Acordei em uma sala escura com ar condicionado. Liguei as luzes e me vi
rodeado de outras pessoas em camas como a em que eu estava, todos em sono
profundo. Sai da sala confusa, não sabia onde estava. O que aconteceu com
Gabrielle, minha linda esposa, ou com a minha mansão ou meu barco? Onde
estavam minhas coisas? Que roupas eram essas? Andei sozinho pelos corredores
até chegar a uma sala bem decorada.
- Olá, João.
Reconheci essa voz e me virei rapidamente, dando de cara com a linda
mulher que me fizera uma proposta uns vinte anos atrás. Ela sorria para mim um
sorriso maléfico, aqueles dentes perfeitos discretamente me ameaçando.
- Está na hora de honrar o seu lado da proposta, João. É simples: eu lhe dei
fama, dinheiro, Gabrielle e tudo o que você pediu. Agora é minha vez. Agora eu
tenho você. Por favor, fique a vontade.
Ela sumiu. Naquela hora eu já havia entendido o que estava acontecendo.

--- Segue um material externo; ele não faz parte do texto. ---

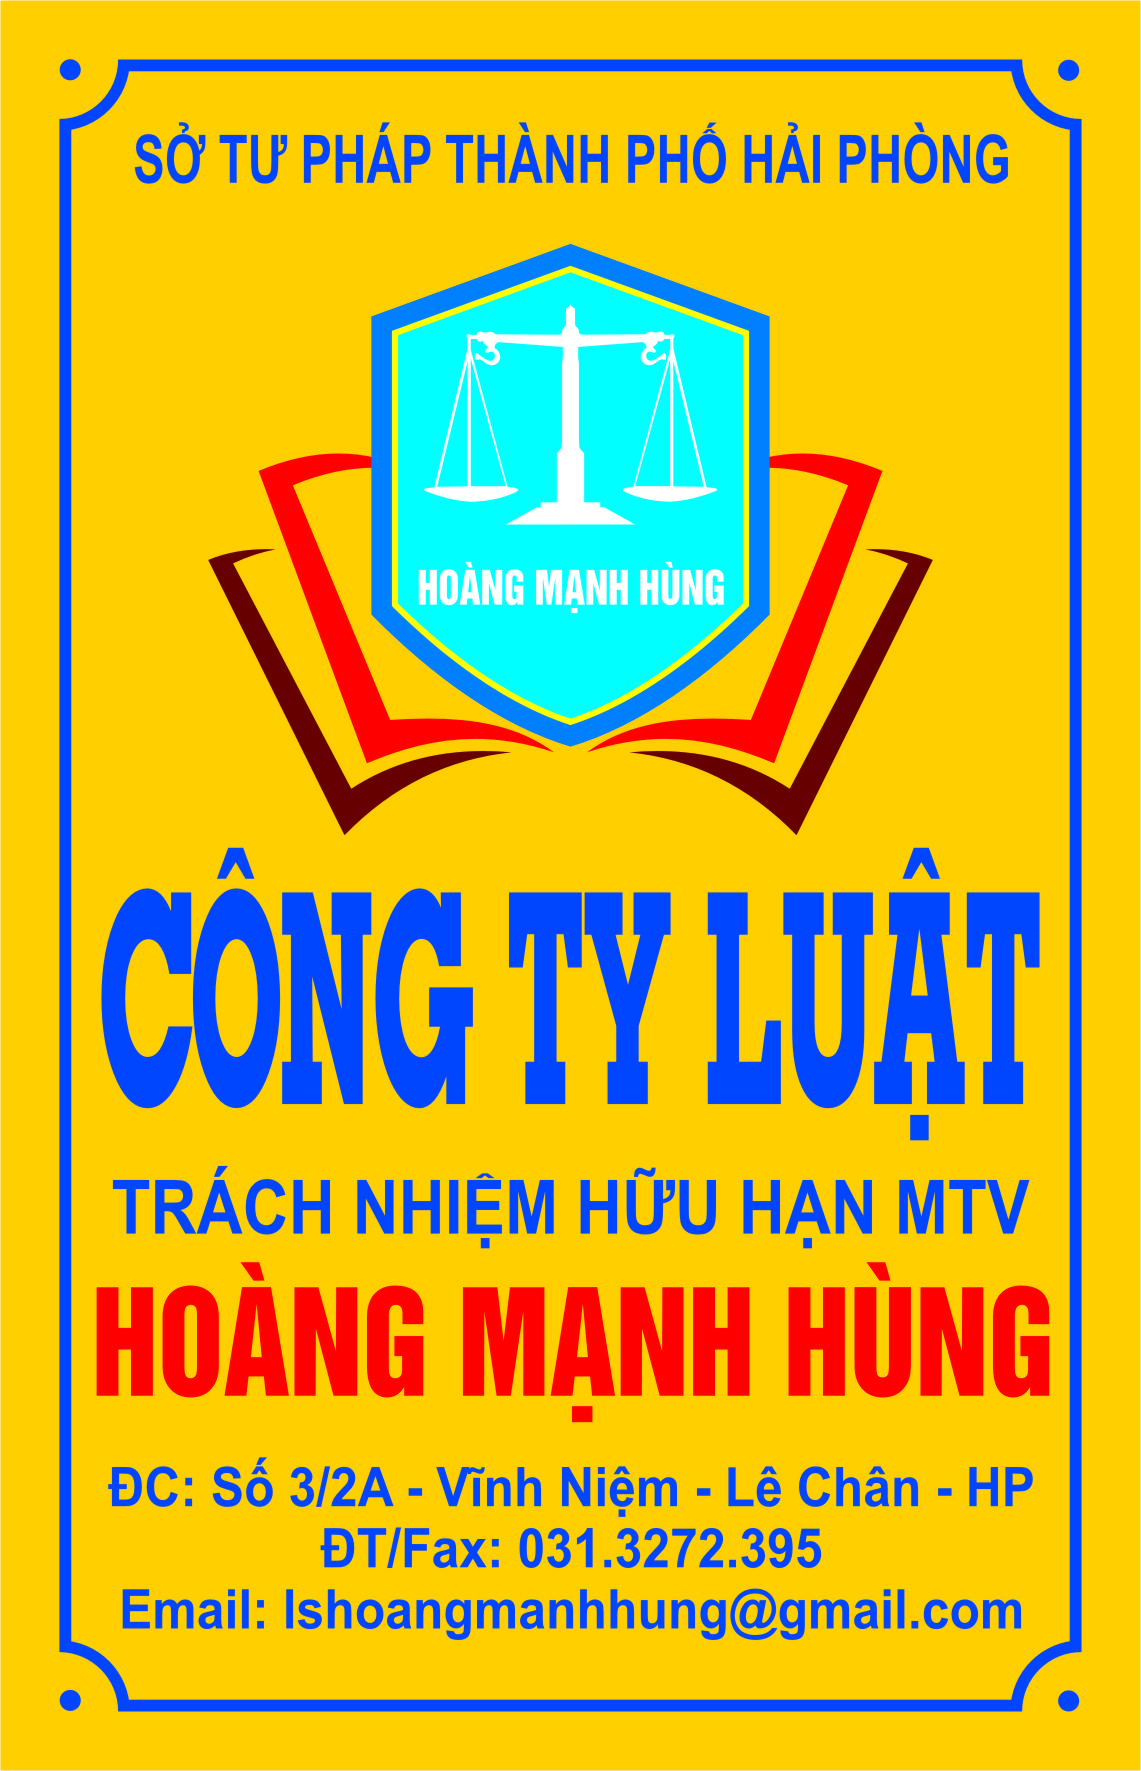 Công ty Luật TNHH MTV Hoàng Mạnh Hùng

Era a hora de pagar pela minha ganância, pela minha luxúria. Avistei uma porta no
final da sala e sabia que lá encontraria meu destino. Preparei-me para o calor
fumegante, o fogo asfixiante, os torturadores e a eterna dor.
Abri a porta e quase caí de costas. Não havia fogo, nem tortura, o que eu vi
não era nada além de prazer e pecado.
Pessoas bebendo e se drogando, sexo em pleno lugar público, era uma
ressaca visual que parecia não ter fim. Logo fui obrigado a juntar-me a eles, a
engajar meu corpo naquela loucura, deixando a sanidade para trás. A cada bebida
que eu ingeria, eu perdia mais a noção de realidade. Não tinha limites, a loucura
não acabava, meu corpo ia se cansando, mas não havia o que fazer se não cansálo mais ainda. O tempo passa, meses, anos... Eu estava preso em uma ressaca
eterna. As alucinações começaram a ficar assustadoras, as cores mais embaçadas,
o efeito não ia embora. Era enjôo puro, mas não conseguia parar.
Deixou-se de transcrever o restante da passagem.